Just ask anyone and they'll tell you: Raising kids is really important. One of the most important jobs in the world, if not THE most important.
Just don't ask your boss to act on that priority. It's well known that women's careers and lifetime earnings suffer because of time they take off when they have kids. So do men's, it turns out. It's just less visible because so many fewer men take more than a few days off:
One of the studies was by Mr. Coltrane of the University of Oregon. It used data from 6,403 men in the National Longitudinal Survey of Youth and was the first major longitudinal study — tracking the same group of people over time — to show that taking time off for family reasons reduced men’s earnings, just as it reduced women’s earnings. When men reduced their hours for family reasons, they lost 15.5 percent in earnings over the course of their careers, on average, compared with a drop of 9.8 percent for women and 11.2 percent for men who reduced their hours for other reasons. [...]
Another study found that men who used flexible work arrangements, whether taking temporary family leave or working from home or part time, received worse job evaluations and lower hourly raises. The third found that men who requested family leave were at greater risk of being demoted or laid off because they were perceived to have negative traits that are used to stigmatize women, like weakness and uncertainty, not masculine ones like competitiveness and ambition.
We're not talking about taking off five years to raise kids until they're old enough for kindergarten. We're talking about men not being able to take six weeks to care for a tiny little baby without being penalized at work. Men taking family leave to care for a baby translates into them being more involved parents after they go back to work. And, of course, women having actual partners in caring for children makes it more possible for women to go back to work.

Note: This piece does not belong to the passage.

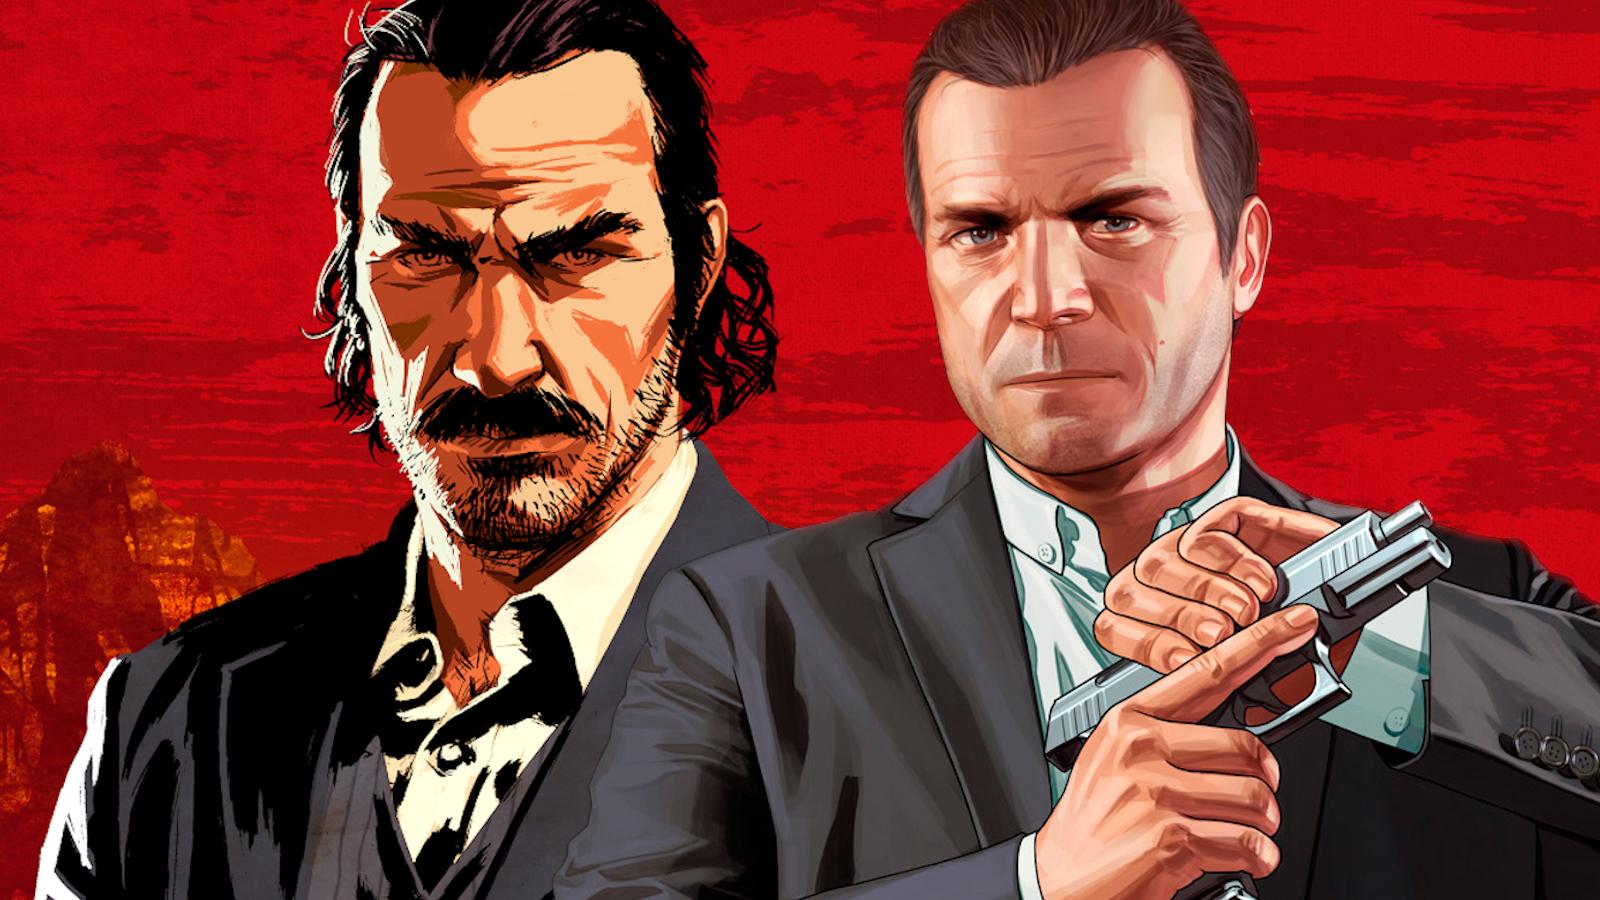 GTA 5's Michael with Dutch on RDR2 red background

The United States continues to be terrible at family leave, and men face significant pressure not to take parental leave even when their employers offer it. If this doesn't change, women will continue to shoulder far more than their share and too many men will continue to be absent fathers, even in cases where they live in the same house with their children.
Continue reading below the fold for more of the week's labor and education news, with election aftermath.
Election aftermath
- Tuesday's elections put the brakes on that pernicious anti-union law being passed in Kentucky. Republicans campaigned on the promise that if they took the state House they would pass that Law. They didn't take the state House.
- Some under the radar good election news, again on a ballot measure, of course. Voters rejected an attempt to turn Phoenix's pension system into a 401(k)-style retirement plan.
- And more good election news you probably haven't heard unless it's local to you. Jersey City, New Jersey, resoundingly elected school board candidates backed by the teachers union. Bayonne, New Jersey, is switching to an elected school board. In Wake County, North Carolina, the site of major recent battles over school segregation, Democrats took all the open seats on the county commission, promising more spending on education and public transit.
- Andrew Cuomo is just the worst.
- Speaking of Cuomo, endorsing him sure went well for the Working Families Party.
A fair day's wage
Education
- Charter schools: Why poverty measures matter.
- More charter school corruption:
The Jacobin probe into Gulen-affiliated operators in Texas, Arizona, Utah, Nevada, and California found that roughly $4 million in E-Rate contract disbursements and $1.7 million in Department of Education Race to the Top grantee awards were given to what appear to be “related parties.” Awarding contracts to firms headed by related parties would seem to violate the FCC’s requirement that the school’s bidding process be “competitive” as well as “open and fair.”
It's not that all charters are corrupt, it's that the lack of oversight allows them to be if they want.
- Speaking of charters, it turns out that charter expansion can hurt a city's credit rating.